A high-yield savings account is one that earns interest at a higher percentage rate than those attached to most traditional savings accounts. Although the name implies a greater reward than the investor receives with a regular savings account, the interest rate might not match your idea of high. Rates vary from one financial institution to another, and they often fluctuate.
Opening a High-Yield Savings
High-yield savings accounts in some ways are similar to money market accounts. Generally, you may access the funds at any time without penalty. Unlike a traditional savings account, a high-yield savings account may require a significant opening deposit and a minimum balance. These accounts also carry limits on the number of withdrawals you may make per year.
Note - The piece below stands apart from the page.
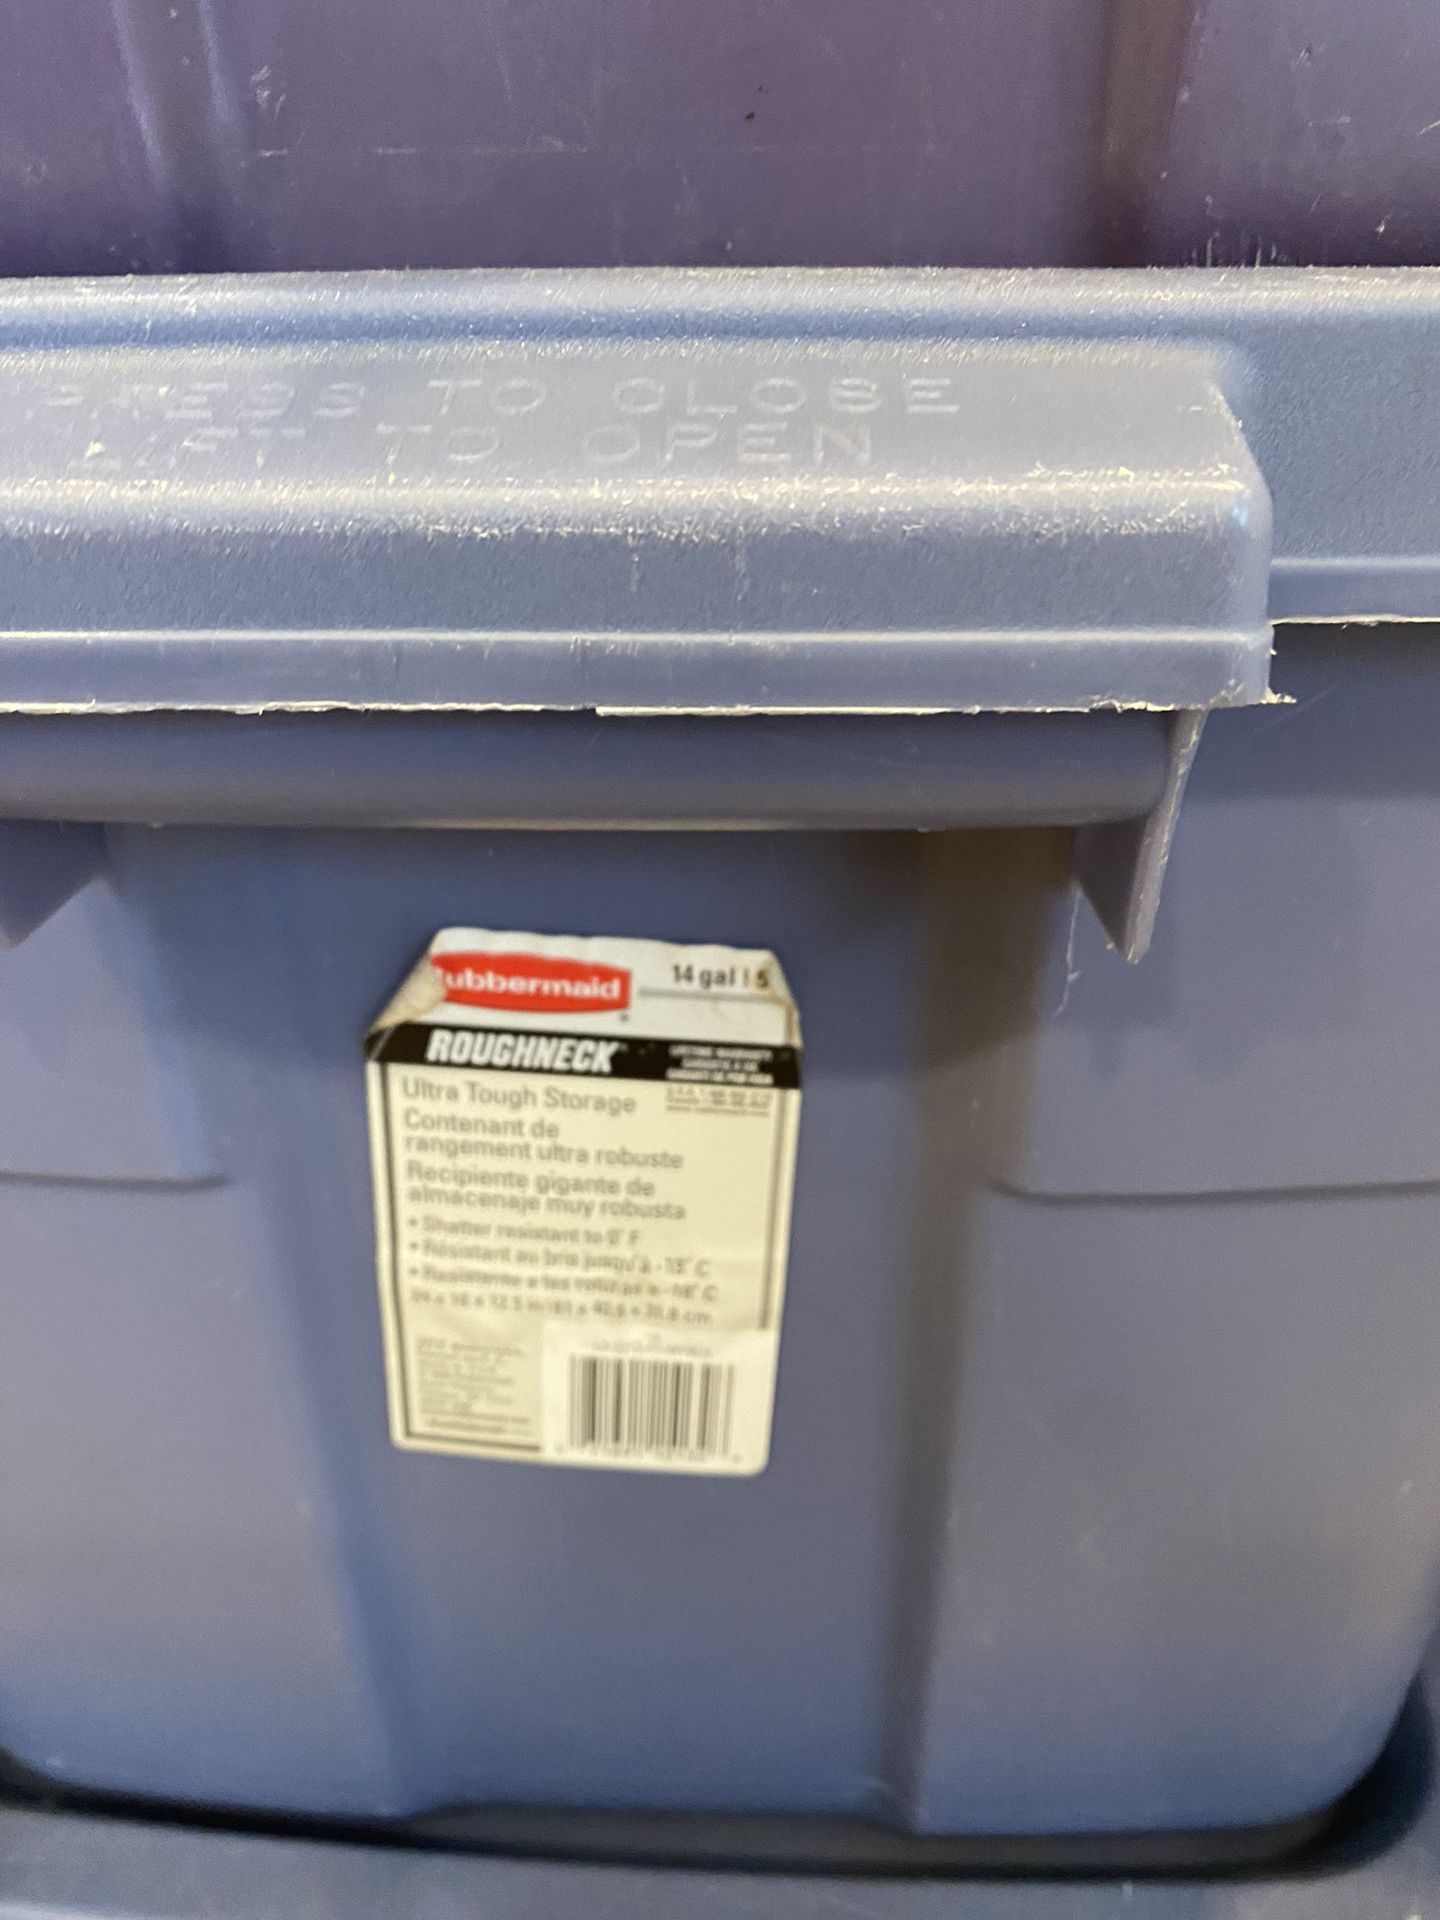 7 Clean Rubbermaid Roughneck Storage Totes/ Tub/ Container Mixed Sizes With  Lids for Sale in Chicago, IL - OfferUp

Qualifications for opening a high-yield savings account may vary among financial institutions.
Financial institutions compete to offer the best interest rate, and they change rates without notice for any of a number of reasons. Economic conditions significantly affect interest rates. In a booming economy, interest rates tend to be higher. Many banks offer tiered high-yield accounts to provide higher interest rates on accounts that exceed a certain balance.
Locking in a Rate
Because funds in a high-yield savings account are readily accessible, the interest rate is not locked. A certificate of deposit — or CD — is an account that allows you to lock in an interest rate for a specific period of time. Although the interest rate may be higher with a CD, you face fees and penalties if you choose to close the account or withdrawal funds.
At the time of publication, savings accounts established with a bank or credit union are insured up to $250,000 by the Federal Deposit Insurance Corporation. Other investments through the same financial institution are not similarly protected. Mutual funds, stocks, annuities and life insurance policies are classified as non-deposit investments and are not insured by the FDIC.